In short draw spinning, spun from combed roving, sliver or wool top, the spinners keep their hands very close to each other. The fibres are held fanned out in one hand while the other hand pulls a small number from the mass. The twist is kept between the second hand and the wheel—there is never any twist between the two hands.

==Weight==
According to the Craft Yarn Council, the term "Worsted Weight", also "Afghan",
"Aran", or simply "Medium", refers to a particular weight of yarn that produces a gauge of 16–20 stitches per 4 inches of stockinette, and is best knitted with 4.5mm to 5.5mm needles (US size 7–9).

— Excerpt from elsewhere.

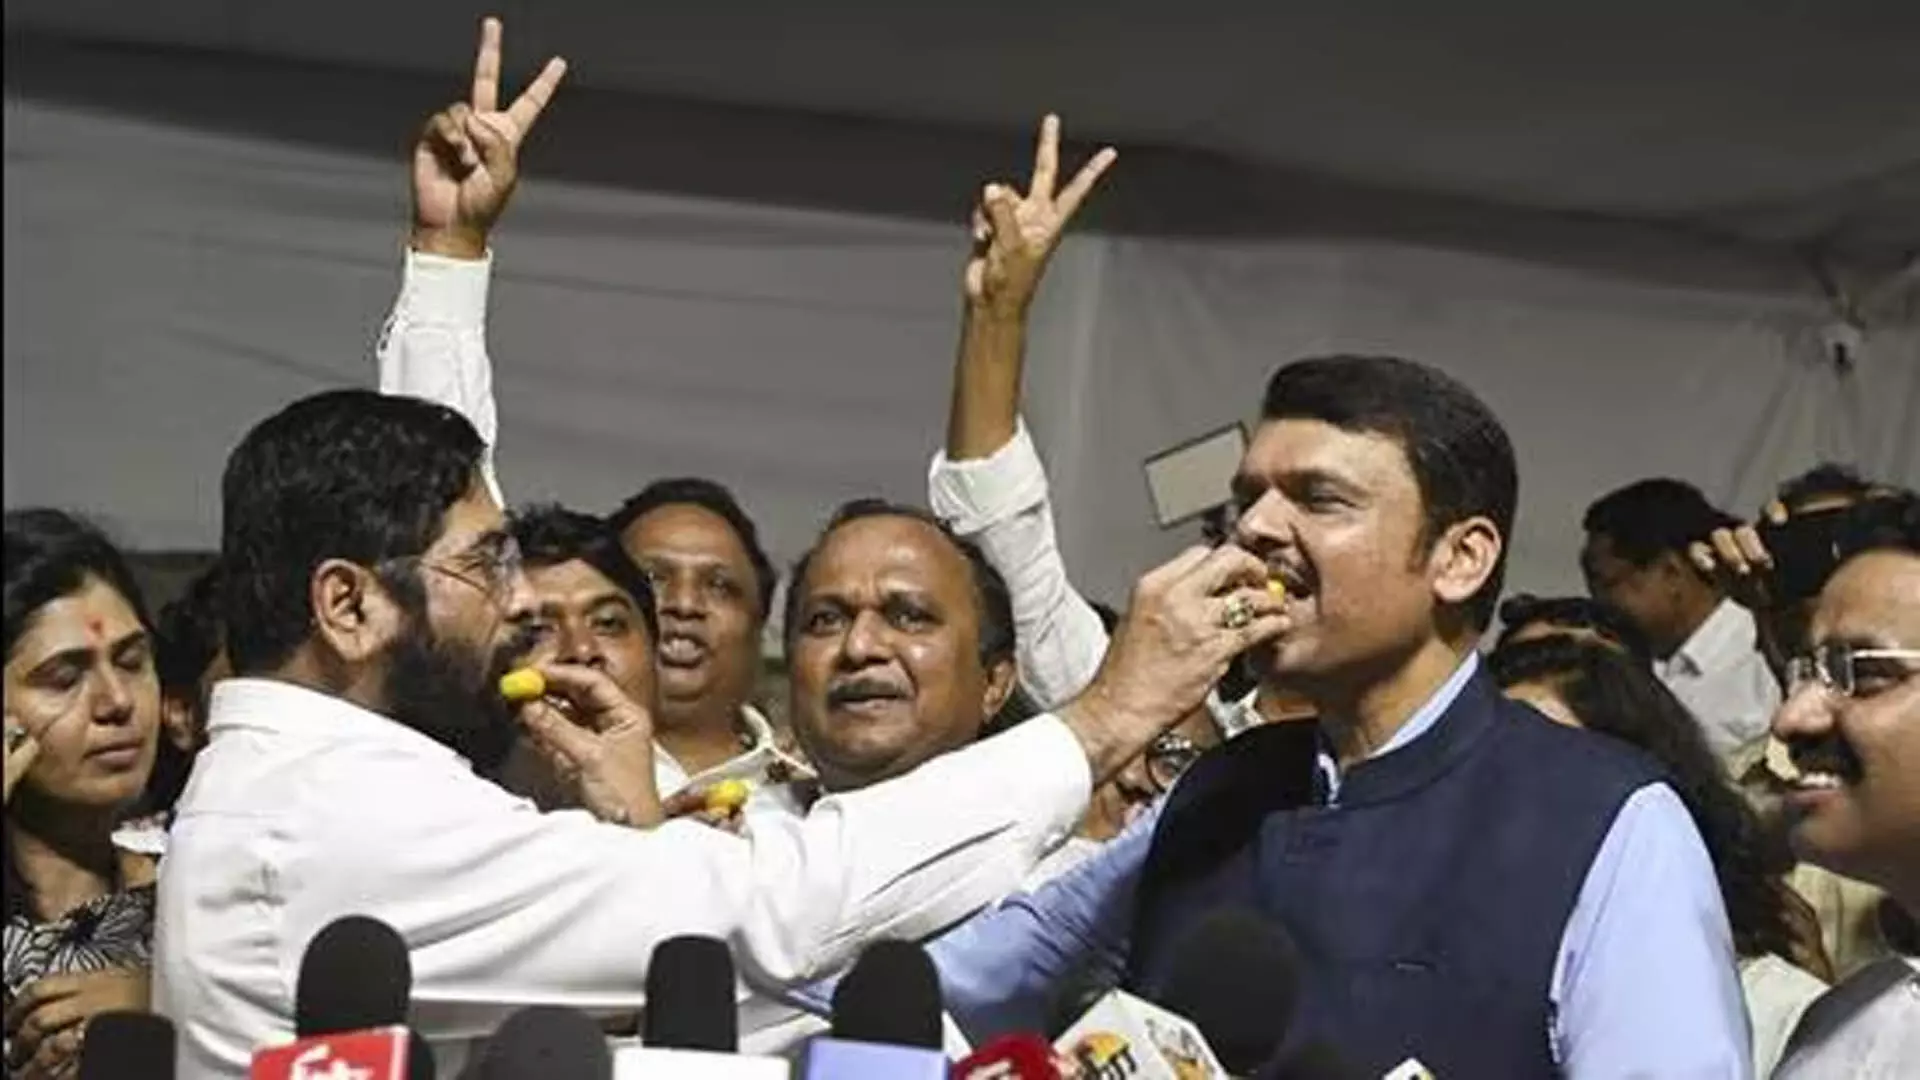 MUMBAI: सत्तारूढ़ गठबंधन महायुति ने अपना रुख बदला

The term worsted, in relation to textile yarn weight, is defined as the number of hanks of yarn, each with a length of 560 yards, that weigh one pound.

Super numbers represent the fineness of the worsted wool fiber used in the fabric. The higher the number, such as Super 100s, 120s, or 150s, the finer the wool thread is. The actual number is calculated by the maximum number of hanks of wool that can be spun into one pound of wool. For example, if you can spin 100 hanks each 560 yards long, the resulting wool is classified as Super 100s. Generally, the higher the super number, the lighter the weight of the fabric.

==Automation==
Before the introduction of automatic machinery, there was little difficulty in attaining a straight fibre, as long wool was always used, and the sliver was made up by hand, using combs. The introduction of Richard Arkwright's water frame in 1771, and the later introduction of cap and mule spinning machines, required perfectly prepared slivers. Many manufactories used one or more preparatory combing machines (called gill-boxes) before further processing, to ensure straight fibres and to distribute the lubricant evenly.